De acordo com seu relato ao
jornal e relatórios militares, o
suspeito sofreu interrogatórios
de 18 a 20 horas seguidas durante 48 de 54 dias. Foi obrigado a ficar nu em frente a agentes do sexo feminino e ameaçado com cachorros do Exército,
além de ser insultado. As práticas foram tão intensas que
Qahtani foi internado duas vezes com menos de 60 batimentos cardíacos por minuto, condição que pode levar à morte.
O suspeito, saudita, foi capturado no Afeganistão e levado a
Guantánamo em janeiro de
2002. Ele teve a entrada negada
nos EUA um mês antes do 11 de
Setembro, e os EUA suspeitam
que ele planejava ser o 20º sequestrador dos aviões usados
nos ataques.

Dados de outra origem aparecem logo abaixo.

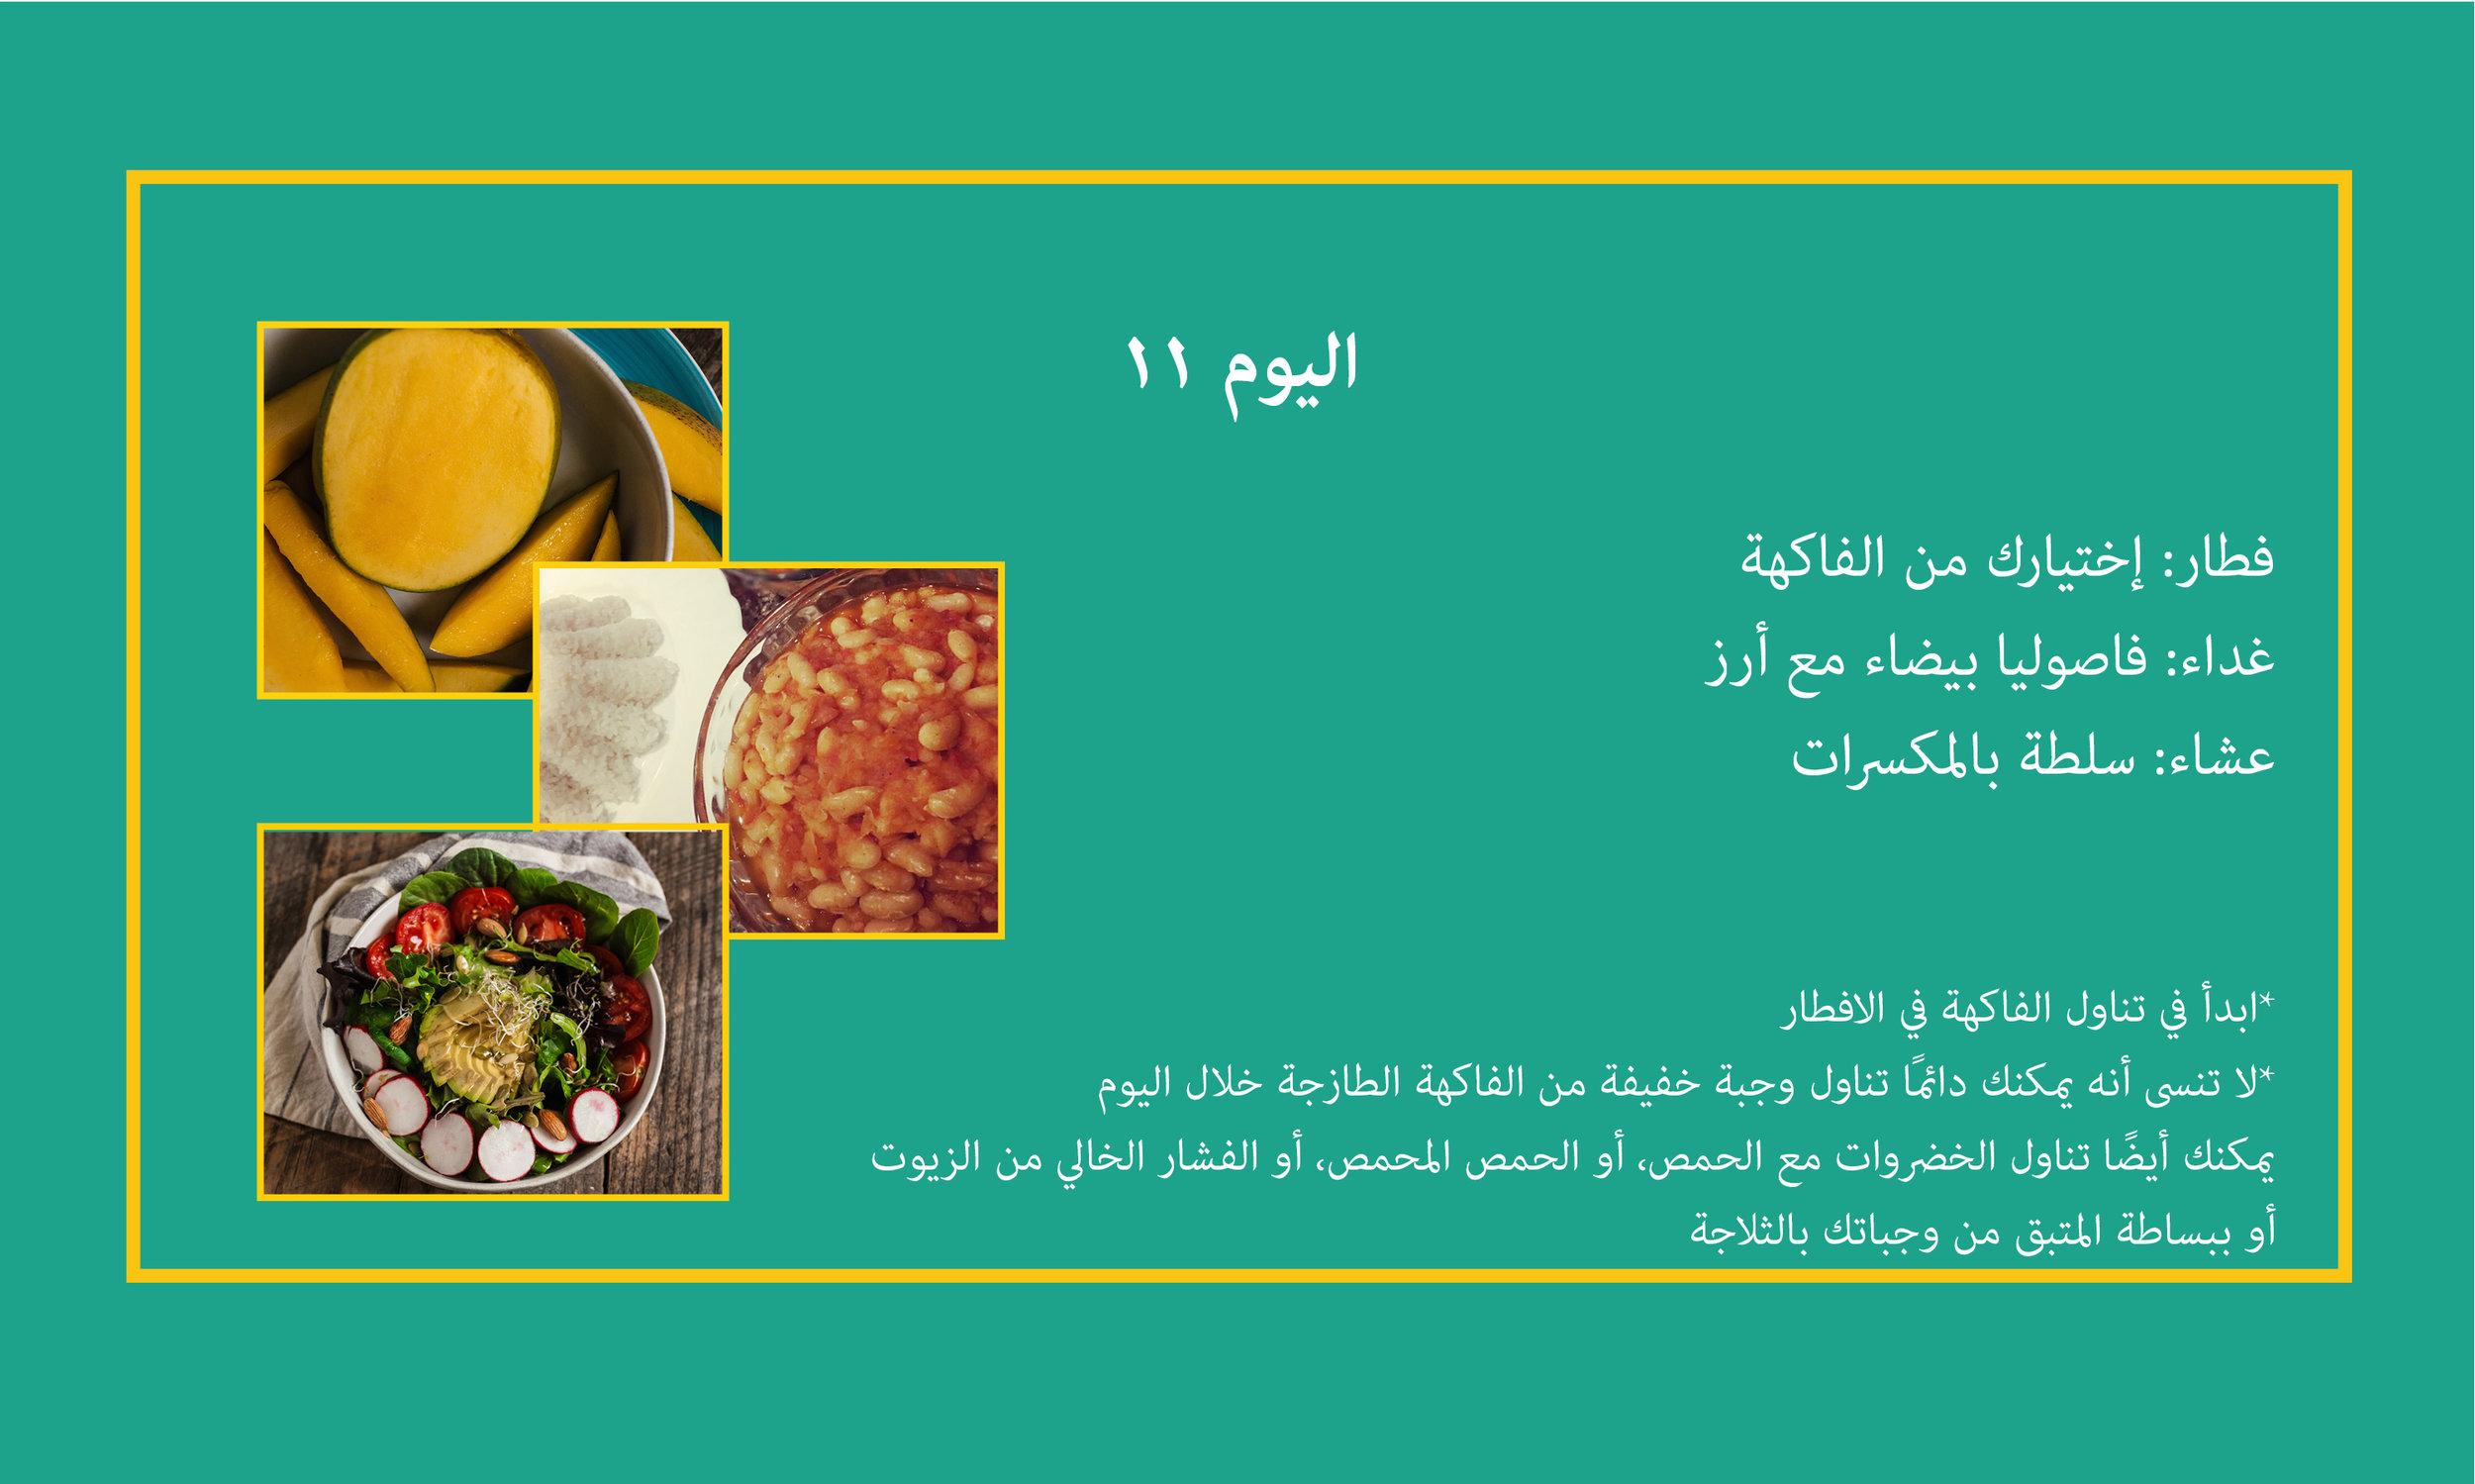 Day 11 Arabic.jpg

Qahtani nega.
O Pentágono afirma que as
técnicas usadas são legais -elas
ferem as Convenções de Genebra sobre os direitos dos prisioneiros de guerra, mas o governo
Bush alega que estas não se
aplicam a suspeitos de terrorismo, aos quais chama de "combatentes inimigos ilegítimos".
Crawford discorda. "Há uma
linha que não pode ser cruzada.
Se toleramos isso (...), como vamos objetar quando nossos militares forem capturados e sujeitos às mesmas técnicas?"
A admissão chega no mesmo
dia em que a Justiça dos EUA
ordenou a libertação por falta
de provas de um prisioneiro de
Guantánamo que foi capturado
em 2002, aos 14 anos. Mohamed el Guarani, do Chade, foi
preso no Paquistão sob suspeita de ter trabalhado para a Al
Qaeda em 1998 -aos 11 anos.
Desafio para Obama
Ainda ontem, um ex-promotor militar que trabalhou em
casos de Guantánamo declarou
a um tribunal federal que o sistema de coleta e análise de provas de Guantánamo é tão caótico que é impossível preparar
uma acusação justa e eficaz.
O quadro, a uma semana da
posse de Barack Obama, espelha o desafio que o presidente
eleito enfrentará para cumprir
a promessa de fechar a prisão.
Um dos problemas é definir o
destino de detidos que, apesar
de não serem julgados, são considerados muito perigosos.
Sobre Qahtani, Crawford
afirmou, por exemplo, não ter
dúvidas de que "ele teria estado
em um daqueles aviões [do 11
de Setembro] se tivesse conseguido entrar no país". "Eu hesitaria em soltá-lo." Anteontem,
o Pentágono disse que 61 ex-detentos voltaram ao terrorismo.
Também não se sabe para
onde os prisioneiros poderiam
ser transferidos a salvo e que
status legal teriam ao entrar em
território dos EUA. Membros
da equipe de Obama afirmam
que ele quer, no primeiro dia de
governo, assinar decreto fechando a prisão, mas a expectativa é que o plano leve um ano.